Friday 26 December 2014

Irish warriors must strive to outflank Italian legions

Published 08/03/2014 | 02:30

7 March 2014; Ireland's captain Paul O'Connell leads his team-mates on a warm up lap of the Aviva Stadium during the captain's run ahead of their side's RBS Six Nations Rugby Championship match against Italy on Saturday. Ireland Rugby Squad Captain's Run, Aviva Stadium, Lansdowne Road, Dublin. Picture credit: Matt Browne / SPORTSFILE
Paul O'Connell leads the Irish team in the warm up before the captain's run at the Aviva Stadium yesterday

The Italians will lock the ball in the giant clam's sealed and serrated embrace. It would be easier to prize a suckling polar bear from its mother. Easier to extract a corner molar from a hungry alligator with a plastic pliers.

The Italians must have great grip under the oxters for uilleann pipe playing or for carrying large items like Agas under their armpits. They could squeeze a rugby ball into a sliotar. Enough of the hyperbole. The Italian game plan is simple: 'the opposition cannot score if we have the ball.'

Now you know why it is they employ me here. It is to enlighten you in these dark ages of analysis when substance is deemed worthless and only the most visible moments are noticed.

Last time out against England, an out-half who made a dozen crunching tackles was deemed to have played badly. That's more than many 10s have made in a season.

Conor Murray was worn out before the end. He hit everything that moved. So too did Peter O'Mahony and he's still hurt. Johnny Sexton goes into battle with a badly bruised thumb and body. He doesn't have the luxury of a minder. This type of unselfish defence comes at a price but Ireland have conceded fewer tries than any team in the competition.

We were good against Wales but not outstanding. It was the genius of Joe Schmidt that set us up for that win. England were just too strong and they were playing at home.
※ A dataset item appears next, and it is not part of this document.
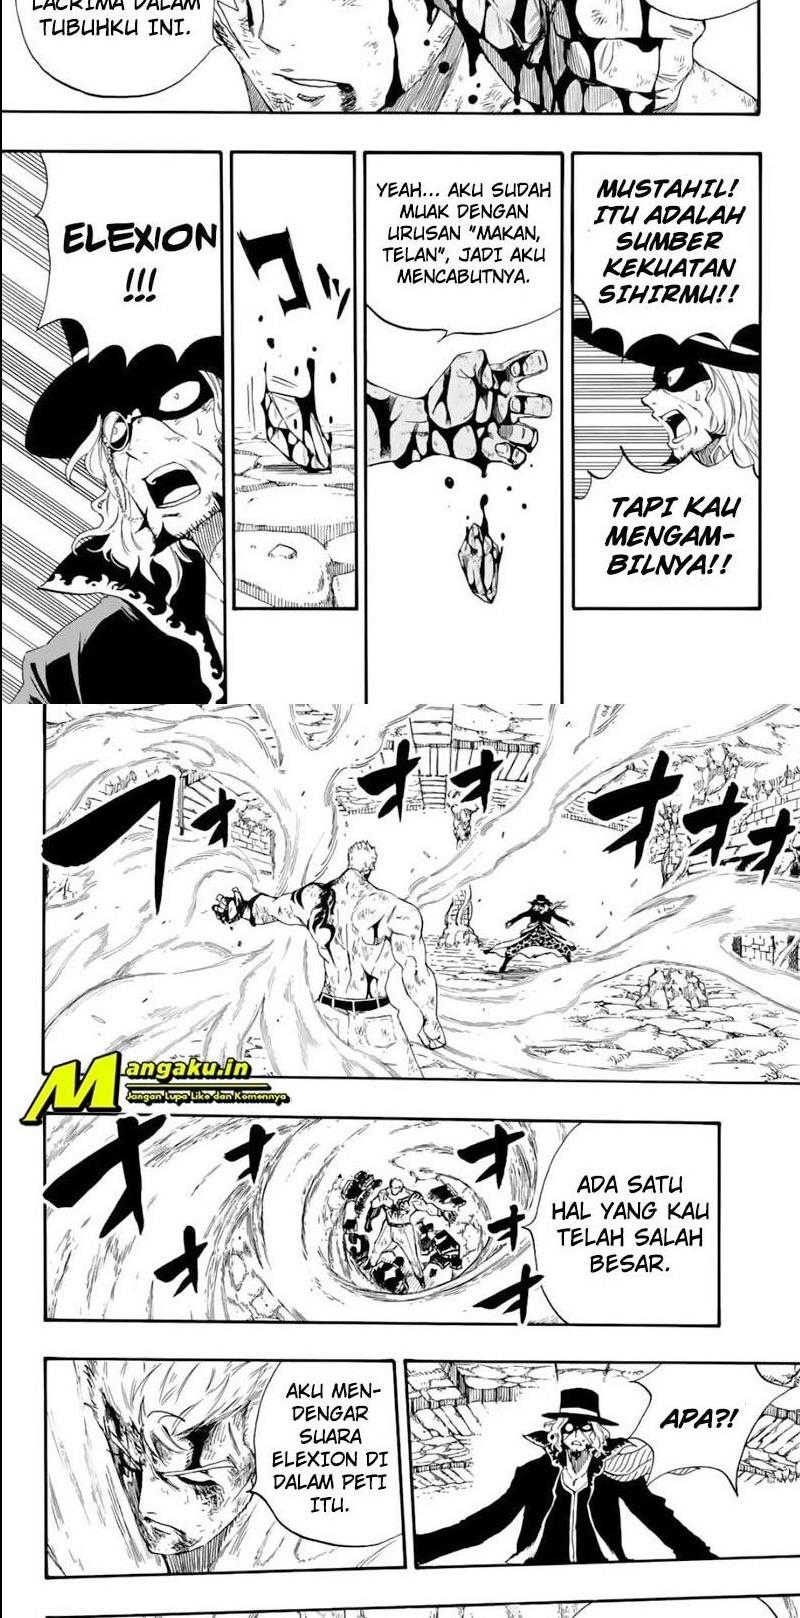 Fairy Tail: 100 Years Quest Chapter 110

Joe knows the opposition cannot run forwards when they are going backwards. The teacher probably studies history. The secret to beating Italy is to keep them on the back foot and in their own half. If they get up a head of steam, we will be in trouble.

Cassivellaunus and his cousin Vercingetorix were Celts who commanded 60,000 men. It was just as well the two lads were beaten by Julius Caesar. The composing of a victory song about two men whose names don't exactly dance off the tongue into cadences and quavers would be well-nigh impossible.

Caesar was in terrible trouble at the Siege of Alesia. The Gauls and Celts were making line break after line break. Their pack was utilising the rolling maul to deadly effect. Caesar gathered a legion of fast backs who sped around the flanks and attacked the Gauls from the rear. The day was won.

Joe will know we are not powerful enough to go through Italy. We must go around them.

More is needed today in attack. You need pace to go around players. Our fastest runner Simon Zebo is not playing and national treasures Brian O'Driscoll and Gordon D'Arcy have lost their zip.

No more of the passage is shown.